What major difference does a tail engine do, like the ones on the MD 11?

I always liked the look of these engines on the tail. But why not just have them under the wing like airbus and boeing?

Can you anyone help?

18 replies: All unread, jump to last
 
User currently offlineAir2gxs From , joined Dec 1969, posts, RR:
Reply 1, posted (8 years 11 months 3 days 2 hours ago) and read 5365 times:

Because the manufacturer wanted a 3 engine aircraft and centerline thrust is the best way to do that. Where would you put the 3rd engine if not the tail?

User currently offlineDtwclipper From , joined Dec 1969, posts, RR:
Reply 2, posted (8 years 11 months 3 days 2 hours ago) and read 5362 times:

Take a look at the history of the A/C!



"The initial specifications were set by American Airlines, who required the new aircraft to be a large capacity, short-to-medium range twin-engined jetliner capable of taking off from smaller airports, with New York's La Guardia being mentioned specifically. The initial design had seating for 250, a maximum gross weight of 300,000 pounds (136,000 kg), and a range of 1,850 nautical miles (2,990 km) with two 50,000-pound-thrust (223 kN) turbofan engines. However, Lockheed was eager to establish a more broader basis for its overall design. Eastern Airlines favored a trijet configuration, as much of their longest routes were overwater, and it was still an era before ETOPS (Extended Twin-engined OPerationS). Trans World Airlines also favored a trijet as they intended the new aircraft to fly U.S.Midwest-to-West Coast segments where the Rocky Mountains were a concern. After discussions with several airlines went on, most of them started to favor a three-engined configuration, although adding a requirement of having a transcontinental range for greater flexibility.

Appearances of the L-1011 and the DC-10 became very much alike, as they were built to meet the same requirements: a 300-seat airliner with a Mach 0.8 cruise and operations from a 9,000 ft (2,700 m) runway on a hot day.
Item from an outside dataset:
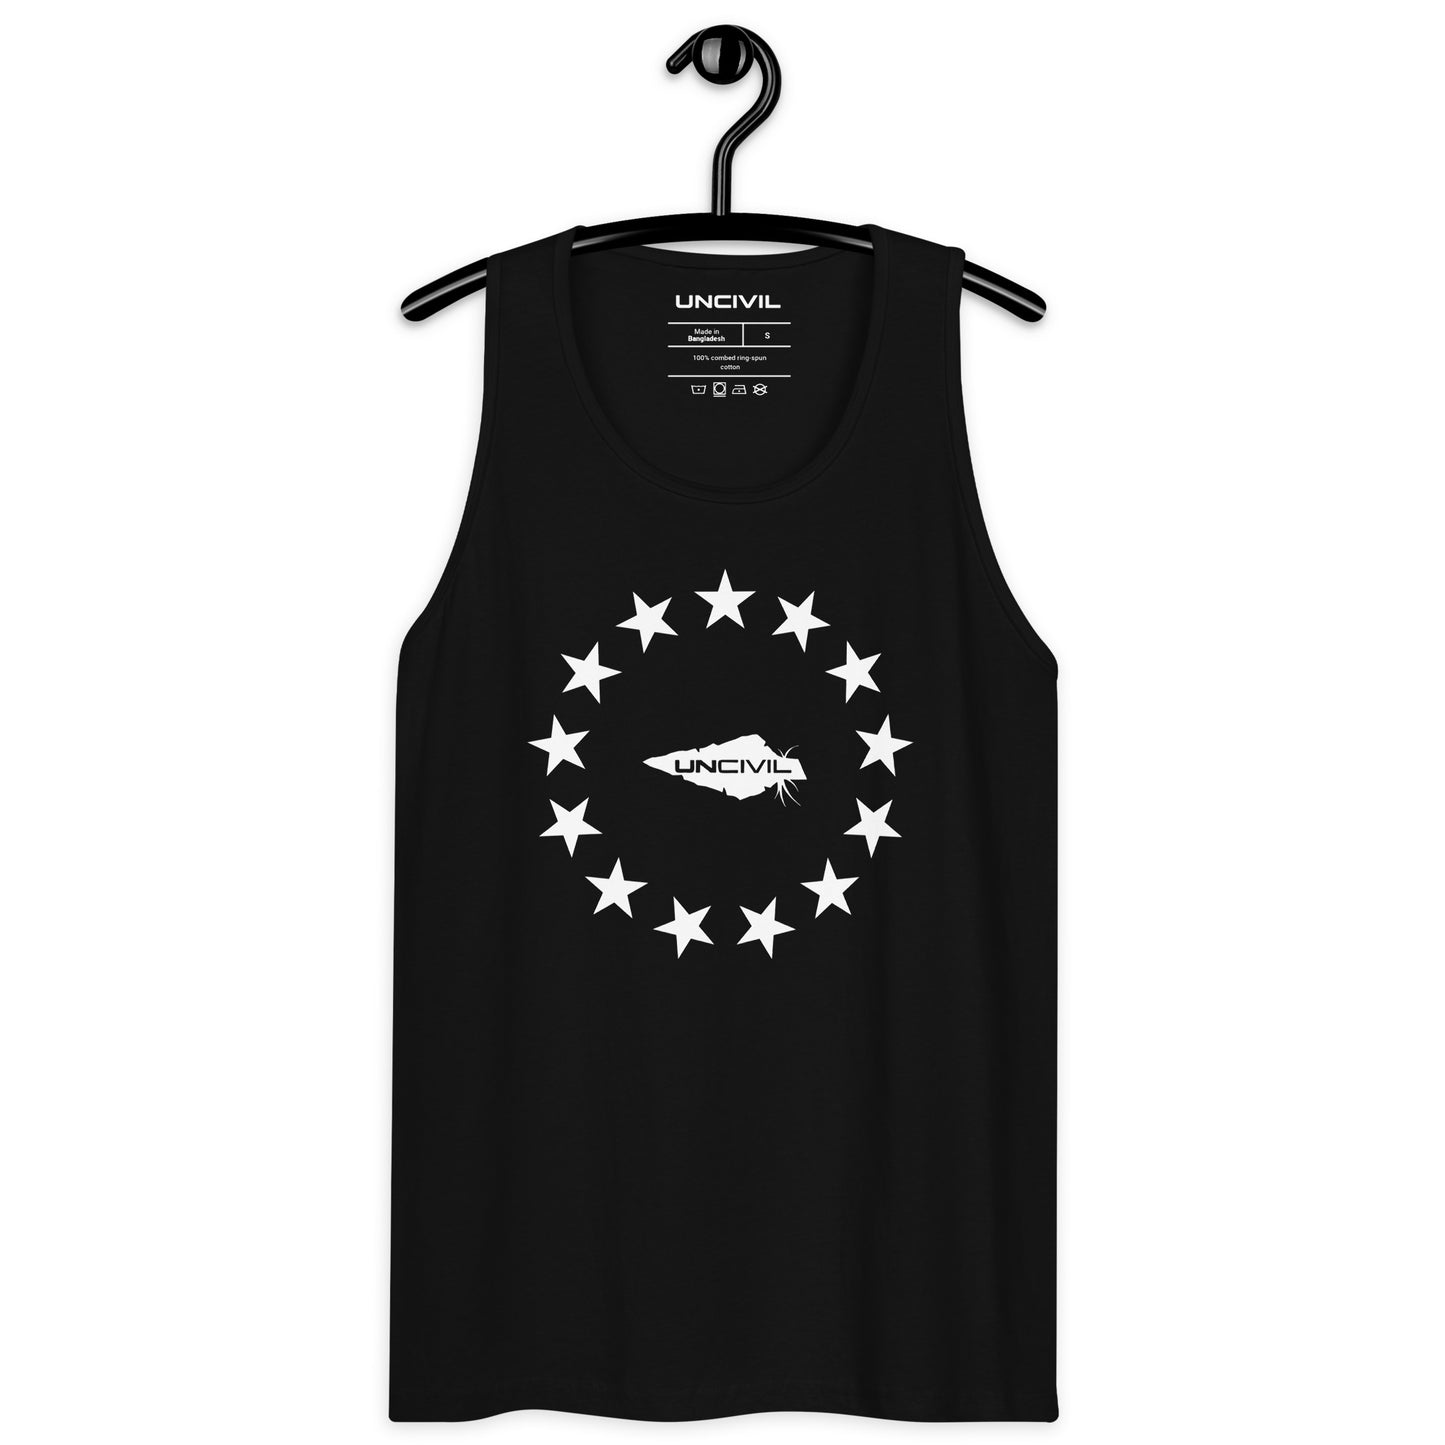 Betsy Ross men's tank top. Featuring the iconic 13 stars design, this tank is perfect for anyone who loves America and its rich history. Black and white.
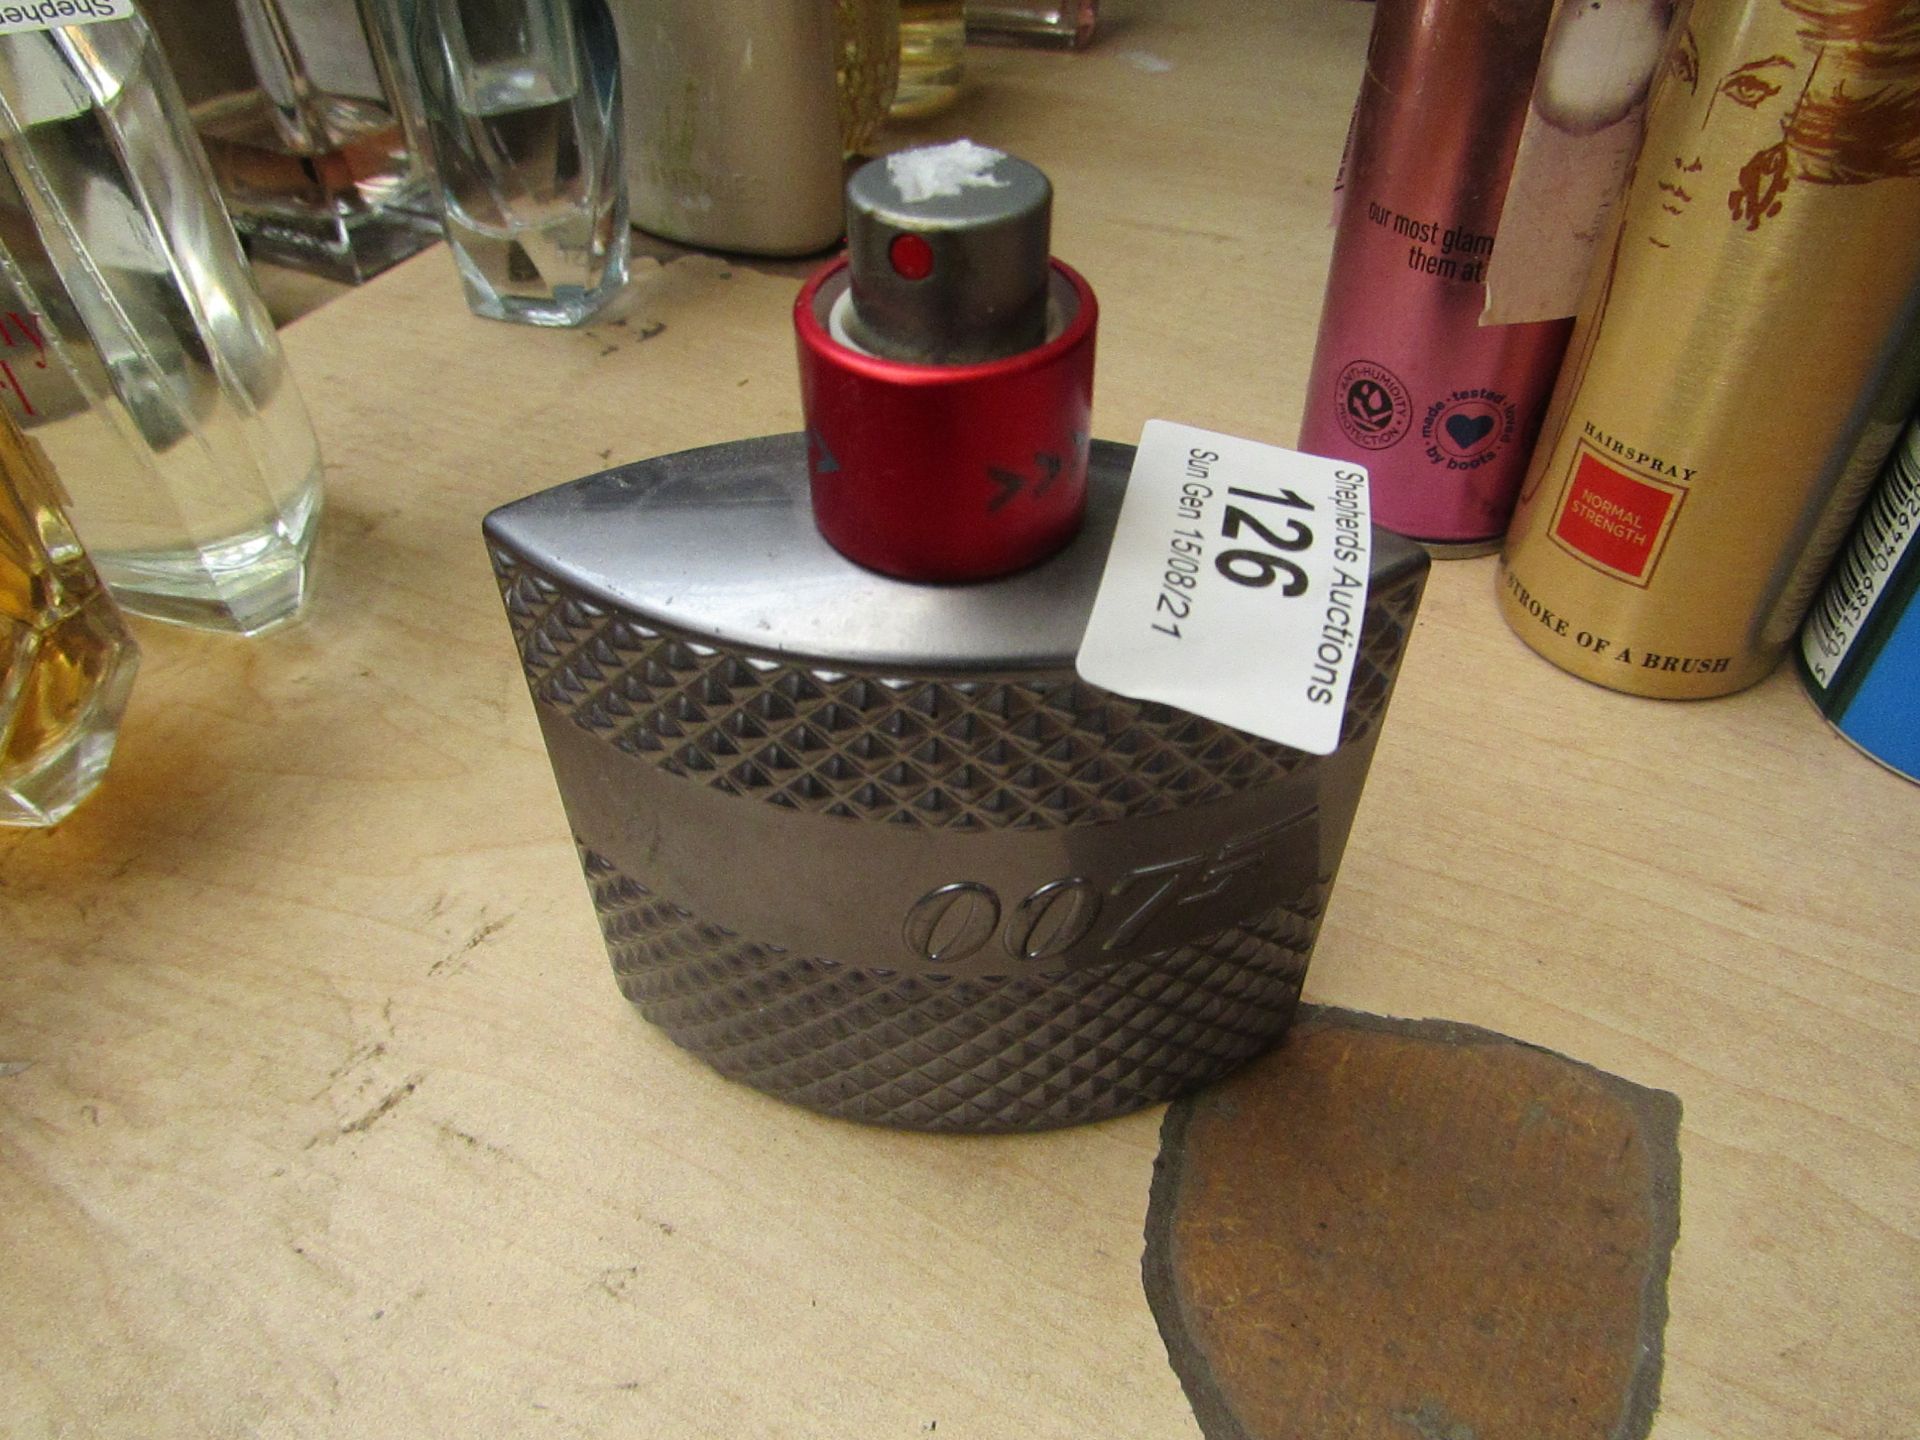 007 aftershave - 75ml - 70% full

However, the most difficult specification to meet was no doubt the capability to operate within the restrictions of La Guardia. Performance parameters were strongly influenced by the airport's geometric and dimensional restraints as well as runway length and a limited maximum gross weight of 270,000 pounds (122,600 kg), although this limit has since been extended. However, though these two are similar, they are not at all identical. When distinguishing the two, the most noticeable difference is the position of the aft engine, or otherwise called the No.2 engine. McDonnell Douglas opted for a straight-duct configuration with the engine mounted on the tail in order to optimize engine performance. On the other hand, Lockheed allocated the third engine in the rear fuselage with the air intake on top of the fuselage. This arrangement is commonly known as the S-duct. This is more similar to that of the Boeing 727 than the DC-10. A series of experiments showed efficiency loss of the engine to be negligible and also showed significant gains in directional stability and maintainability of the engine. In addition, the aft fuselage placement resulted in an improved aerodynamic aft-fuselage configuration, which in turn allowed the fuselage to have a wider aft cabin layout, meaning better comfort for the passenger."

http://flytristar.tripod.com/page/history.html


BTW....there is a thing callled "GOOGLE" and you will find a lot of information there!


User currently offlineHaveBlue From United States of America, joined Jan 2004, 2090 posts, RR: 1
Reply 3, posted (8 years 11 months 2 days 9 hours ago) and read 4901 times:

Excellent description Dtwclipper. However, I take exception to everyone quoting the 'Google' and 'Search' in reply to threads. If everyone Googled and Searched their answers, there would be little to nothing going on here at the forums. I for one am glad to see questions answered that I might not even have thought to ask, and to see different peoples perspectives and wisdoms, be that from an airliner pilot, CFI, ATC'er, or enthusiast.

Just a thought.



Here Here for Severe Clear!
User currently offlineStarlionblue From Greenland, joined Feb 2004, 16908 posts, RR: 67
Reply 4, posted (8 years 11 months 2 days 9 hours ago) and read 4898 times:

Quoting EK156 (Thread starter):
But why not just have them under the wing like airbus and boeing?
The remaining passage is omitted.